When you find the line with "Curved-Display, Smartphone, LG" among the records below, reproduce it and each line after it exactly, ending with the line with "HouseHold Affairs 【卞赤鲤汉化】1~15话 333".

**Extracted material:**
☆ ☆ ☆
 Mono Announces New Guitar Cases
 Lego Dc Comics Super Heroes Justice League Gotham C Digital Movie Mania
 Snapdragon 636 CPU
☆ ☆ ☆
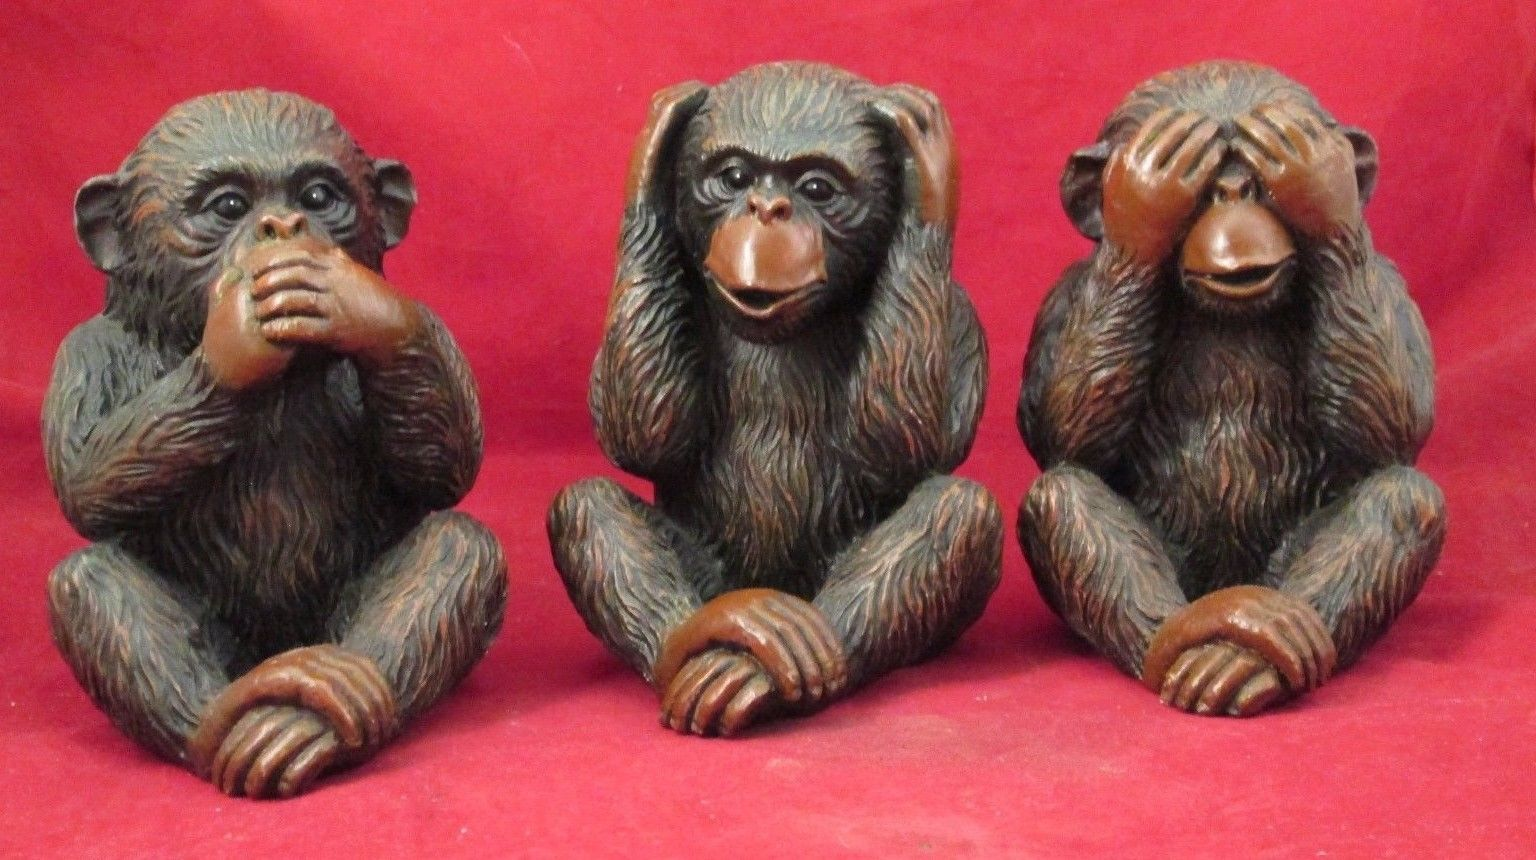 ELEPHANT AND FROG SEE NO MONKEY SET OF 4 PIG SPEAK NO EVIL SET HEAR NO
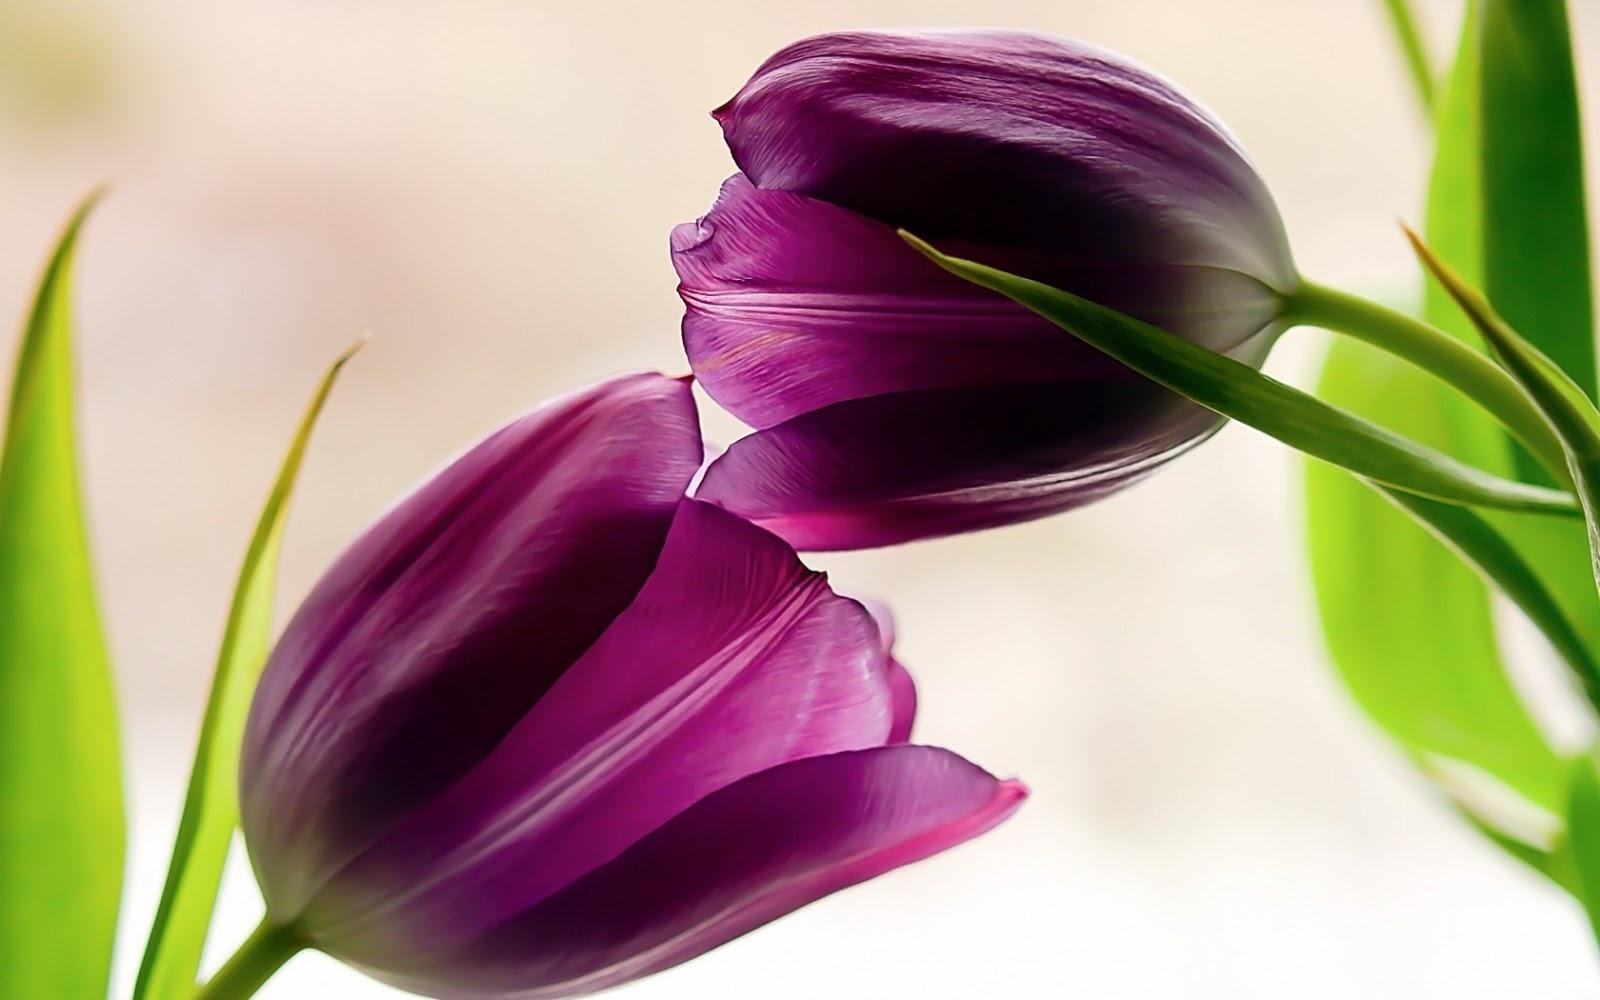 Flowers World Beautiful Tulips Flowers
☆ ☆ ☆
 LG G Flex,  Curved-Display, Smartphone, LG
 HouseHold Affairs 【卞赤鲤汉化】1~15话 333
☆ ☆ ☆
**Solution for this problem:**
 LG G Flex,  Curved-Display, Smartphone, LG
 HouseHold Affairs 【卞赤鲤汉化】1~15话 333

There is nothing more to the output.